Why I hate ORMs: Hibernate and the duplicated rows on merge
Being myself a kind of old-school guy, I don’t hype on ORMs (Object Relational Mappers), including the enterprise-class well know Hibernate.Today I was testing an application I was developing with Hibernate (5.4.1, if that matters), I found that instead of performing and
UPDATE
of a tuple, a new record (i.e., an INSERT
** was performed. The result was having duplicated tuples on the database instead of a single one.
As horrible as it could sound, this is a great way to improve your database constraints!

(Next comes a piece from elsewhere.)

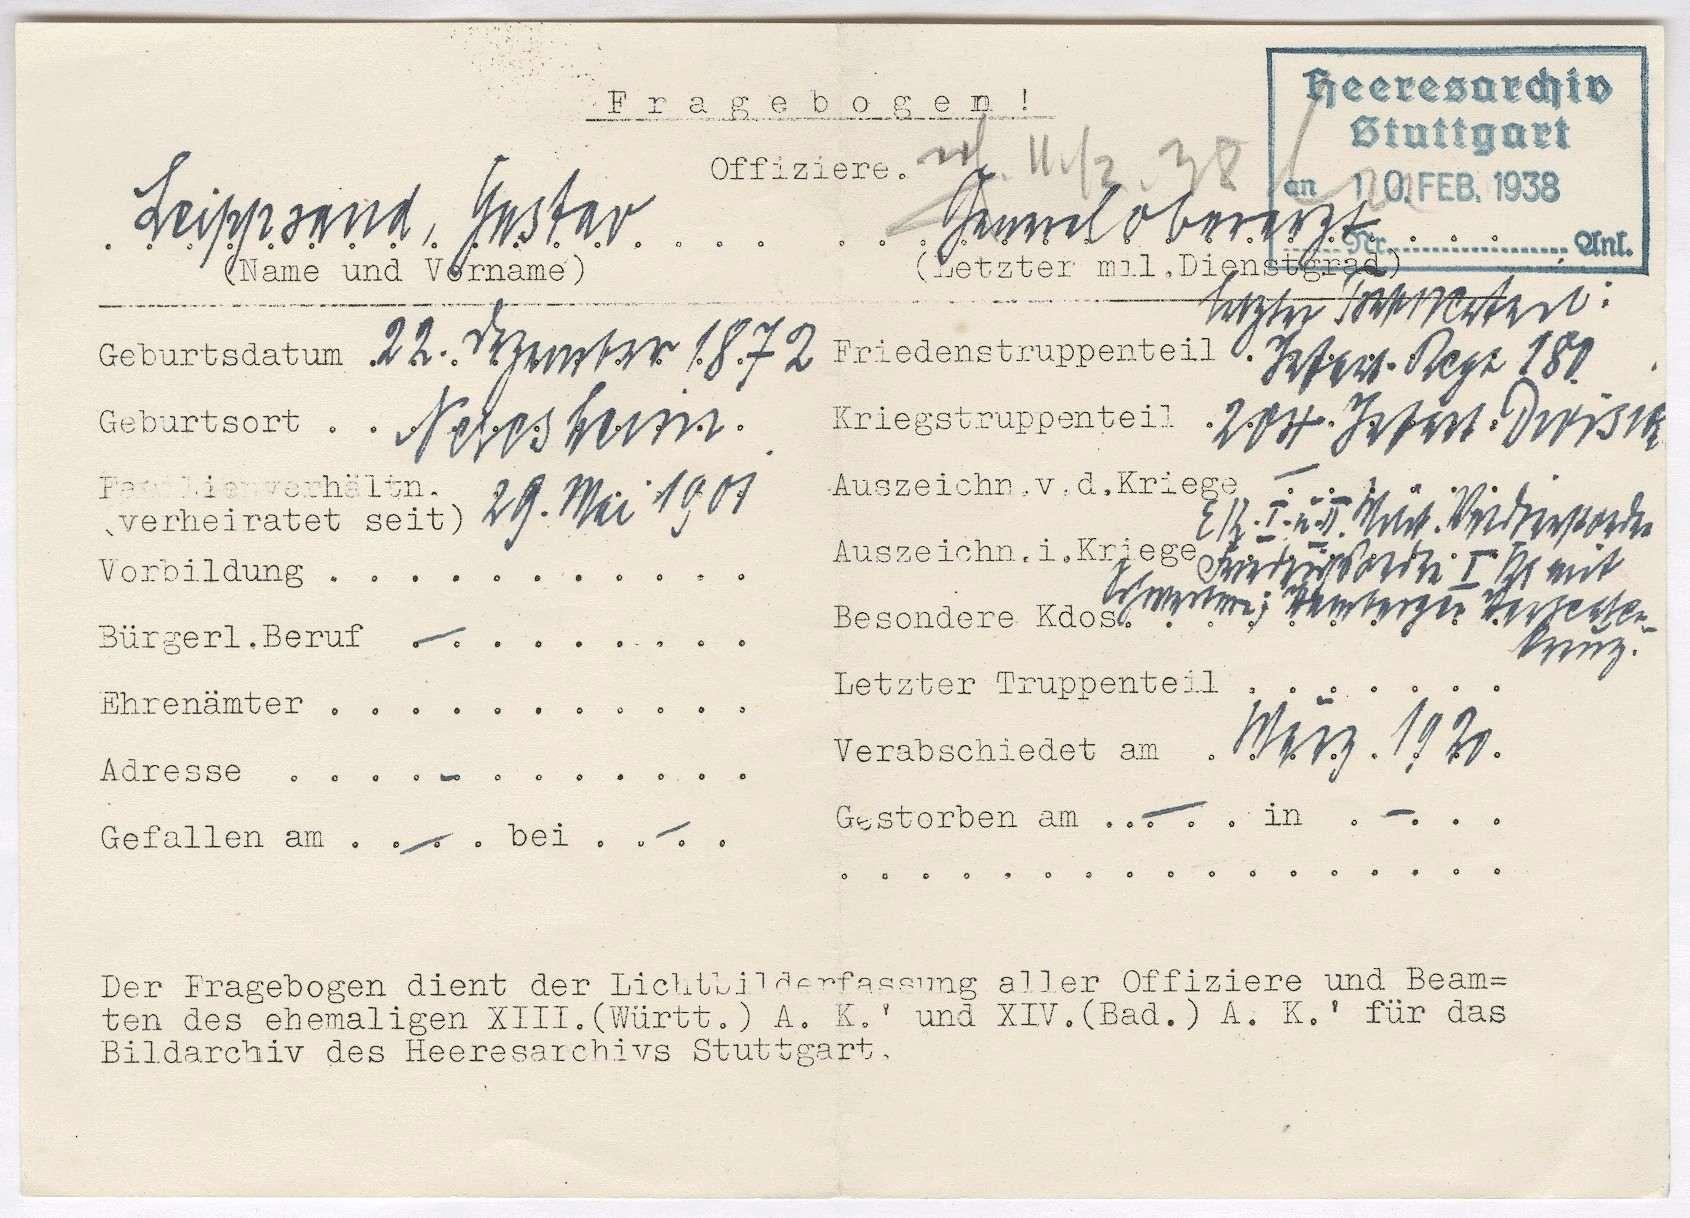 Leipprand, Gustav, Bild 2

Anyway, why the hell was Hibernate reasoning as it was a new tuple? Let’s start from the piece of Java code responsible for the update (or supposed to be an update):
dao.beginTransaction();
myOBJ = dao.merge( myOBJ );
dao.commit();
A little more testing and I found out that the tuple was duplicated only the first time, and following
merge
s were done as UPDATE
s in place. That is: the original tuple had some trouble in the beginning.
Long story short:the version
field on the table was NULL
.
Hibernate uses the
version
field on each table as an optimistic lock to understand if the tuple has changed in the meantime. And in this case, it was using such field to test if the tuple has been ever inserted, concluding that it had not been since the value was NULL
. Therefore the solution was to issue a global UPDATE
to set the version
field with a value of 0 and the application started to behave normally.
Shame on me? Shame you Hibernate!
I let Hibernate/JPA to implement the tables in the database, so I did not write any DDL command at all. Why does this matter in the discussion? Because Hibernate was aware of the database (i.e., SQL “dialect”) and was therefore able to issue a simpleDEFAULT 0
statement to attach to the column or, in a more fancy way, a trigger for an INSERT
to populate such important field.
You see? That’s why I hate ORMs like Hibernate: they force you to think as the ORM does, not to think at your data. Now, there are a few ORMs that are really better in my opinion because lower the impedence between the database and the object model, such as for example DBIx, but that’s another story!